OPEN AS USUAL
Feb 07, 2020
A challenger bank is a bank that is challenging traditional high-street banks. New online banks are perceived as hip, inexpensive, simplified and digital. They tend not to have high-street branches; this helps them save money.
Their main attraction is that they have lower barriers to entry than high street banks and are more digitally oriented, which is pleasing to their younger clientele.
Buyer beware: such companies may not have a banking license or have their customers' deposits guaranteed. You may not be able to visit them in person, unless you live close to a major city. The bank may grow too fast and their management get too greedy.
Banking scandals are not uncommon in the 21st century. You should not leave large sums on deposit in such an entity unless you have done your own due diligence about them. RegisteredAddress.co.uk does not offer an endorsement of any of the banks listed below. The information offered is merely a guide to the basic status of these companies.
The overall sense one has in researching these entities is that they are not established enough to deposit one's life savings with them but they are useful as a means of moving currency digitally.
Here is a quick overview of the most popular challenger banks. Account figures are approximate.
In no particular order:
1. Starling Bank
Founded by: Anne Boden
Notable features: The company received its banking licence from the Prudential Regulation Authority and the Financial Conduct Authority in July 2016. In November 2018, Starling announced a partnership with the Post Office, with whom they have a cash depositing partnership. As of September 2019, Starling cards were not part of the LINK network.
2. Monzo Bank
Founded by: Tom Blomfield, Jonas Huckestein, Jason Bates, Paul Rippon and Gary Dolman.
Notable features: In April 2017 it received a full banking licence by the Prudential Regulation Authority and the Financial Conduct Authority. From Wikipedia: "The company has expressed its intention to do away with a number of banking traditions such as physical branches and chequebooks which it regards as obsolete. Co-founder Tom Blomfield said the bank "will not be right for everyone", and described the company's target demographic as those who value convenience and technical innovation."
Founded by: Valentin Stalf and Maximilian Tayenthal
Notable features: In July 2016 it re-branded itself as N26 Bank, having received its own banking license from BaFin. It is headquartered in Berlin, Germany.
From Wikipedia: "On 11 February 2020, N26 announced that it will cease doing business in the United Kingdom and close all accounts effective 15 April, due to the UK withdrawal from the European Union. The company cited that European financial institutions can no longer operate in the region without applying for a banking license in the UK (rather than being allowed to operate under its EU license), as well as "the timings and framework outlined in the EU Withdrawal Agreement"."

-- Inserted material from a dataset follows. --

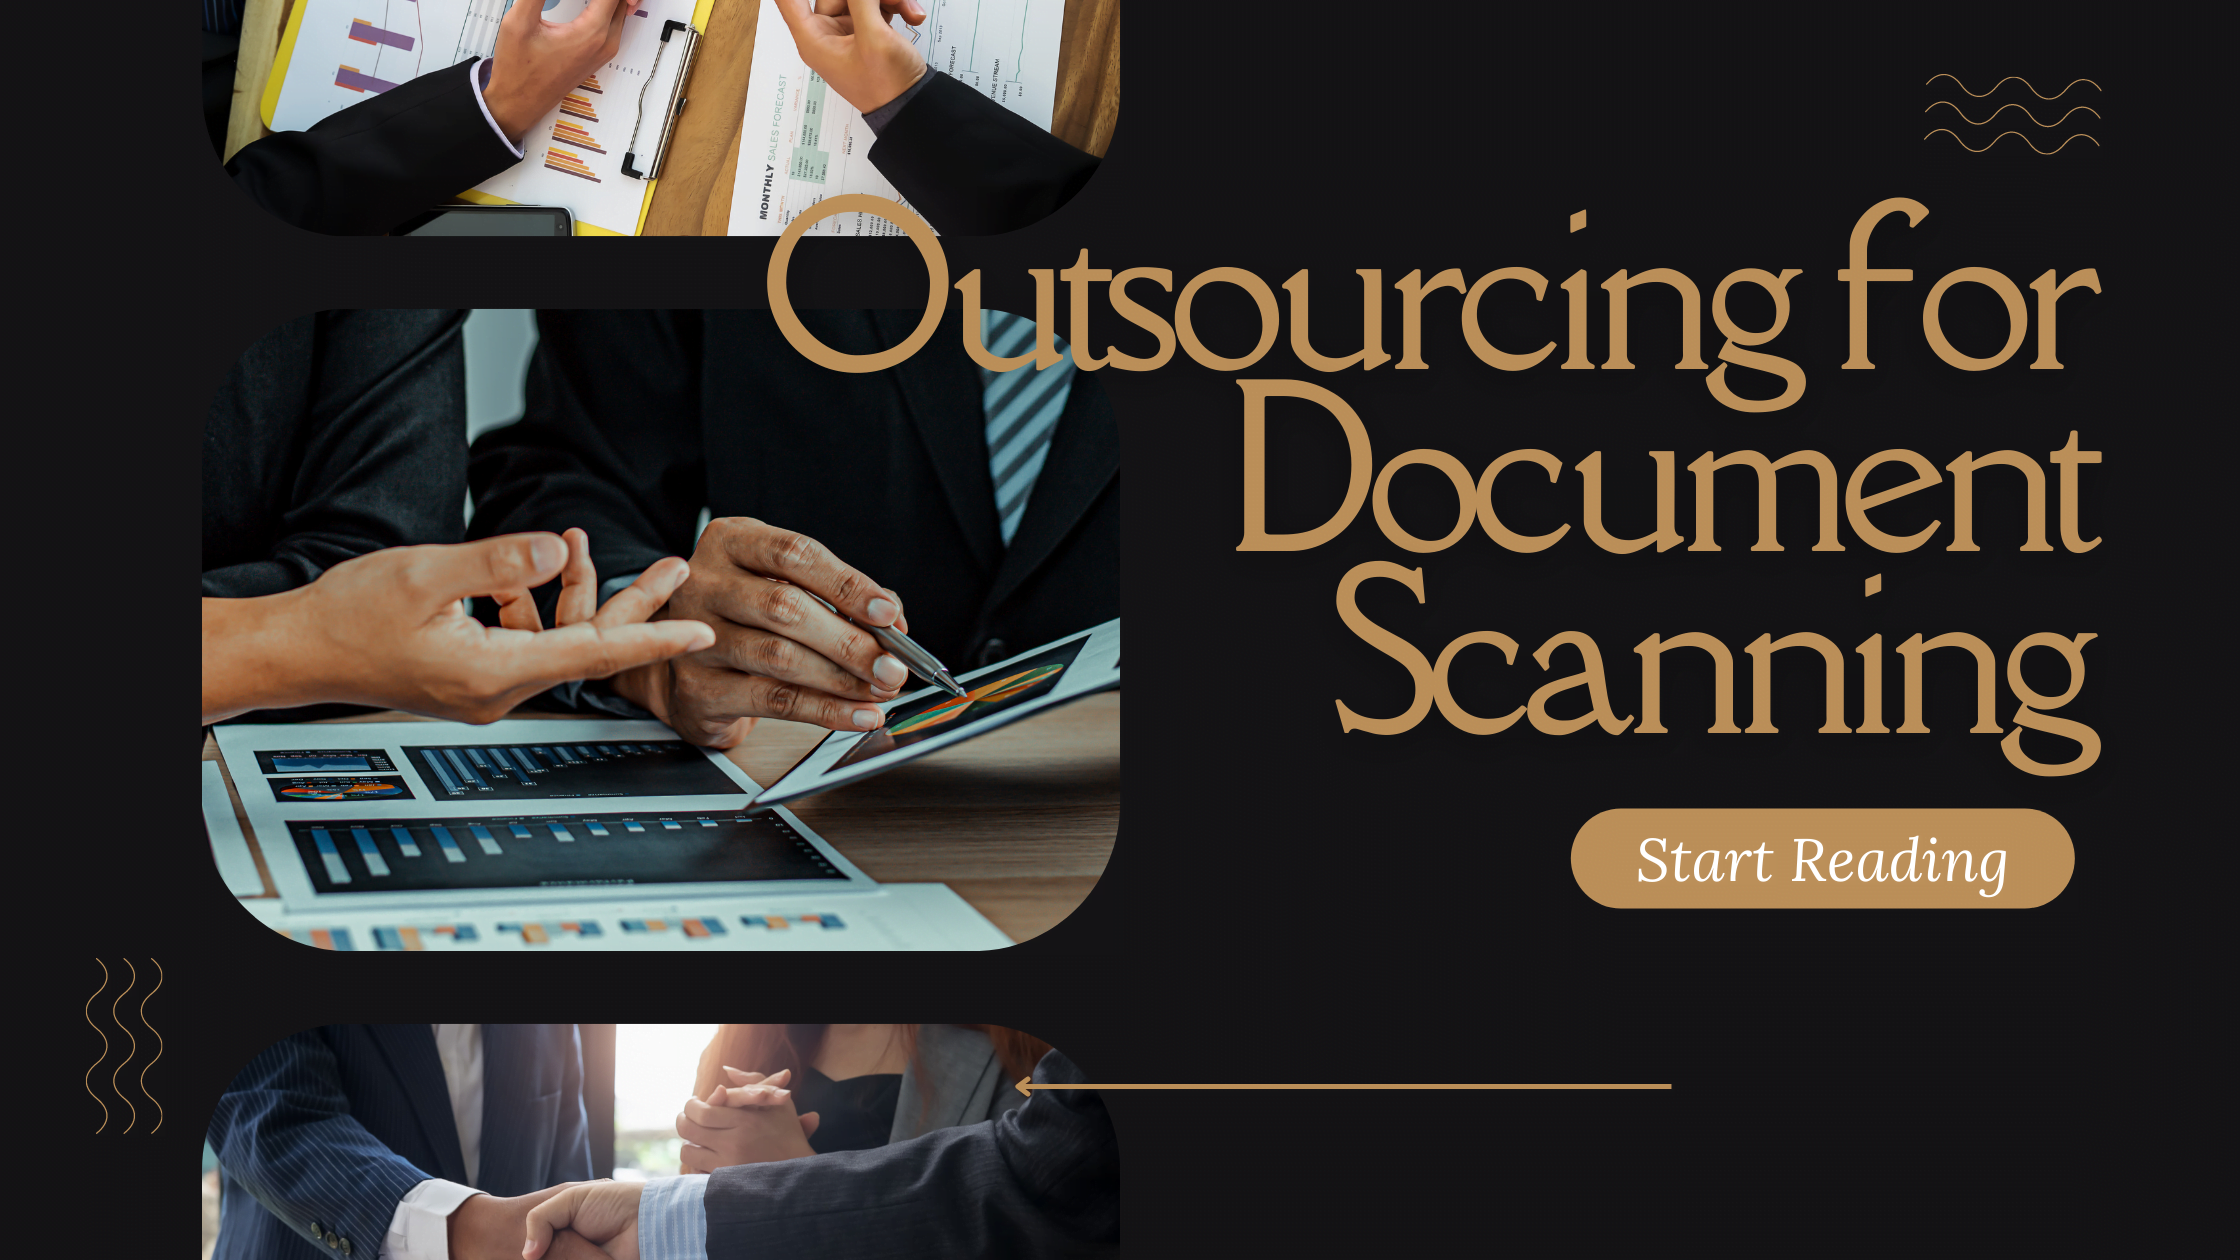 Why Should You Consider Outsourcing for Document Scanning?

Founded by: Nikolay Storonsky and Vlad Yatsenko.
Notable features: From Wikipedia:
"In December 2018, Revolut secured a specialised bank licence from European Central Bank, facilitated by the Bank of Lithuania. Having secured a specialised bank licence, Revolut is authorised to accept deposits and offer consumer credits. The main difference between a specialised and a full-range bank is that the former is not authorised to provide investment services. At the same time, an Electronic Money Institution licence was issued by the Bank of Lithuania.
In March 2019, an exposé of the company's employment practices and culture was published by Wired. This found evidence of unpaid work, high staff turnover and employees being ordered to work weekends to meet performance indicators. A more recent article suggests that the company has responded to criticism and Revolut now has higher rating than its peers on Glassdoor.
It was also revealed the company's Chief Financial Officer had quit, following allegations of compliance lapses. This was denied by Revolut in a blog post."
Founded by: Norris Koppel
Notable features: From Wikipedia: "Monese initially provided all of its services free of charge, with the exception of international money transfer – but in 2016 it began charging a fixed fee of £4.95 per month for its current account product. It subsequently launched other plans and, as of November 2019, offers three different pricing plans: "Simple" with limited benefits but no fixed monthly fee, "Classic" for £4.95 per month, and "Premium" with no transaction charges for £14.95 per month."
Founded by: Rich Wagner
Notable features: From Wilipedia: "Cashplus, the product brand of APS, is a provider of prepaid MasterCards and current account for consumers, small businesses and local government authorities in the UK. Introduced in September 2005, Cashplus was the first prepaid credit card to be launched in the UK. As of 2008, it was Europe's leading MasterCard-based prepaid service."
Even reviewing the bare known facts about challenger banks is enough for the wary depositor to form an opinion. Such banks are very useful if the client is having trouble getting access to an established high-street bank account. However, they must be viewed in the same way as an investor looks at buying the stock of a new digital startup: risky.
It is tedious to have to negotiate with a 'small footprint' company if something goes badly wrong with their service. The thing that lets them move fast and offer low-cost services (low overheads) also means that getting a human being on the telephone when the app goes down will likely be difficult.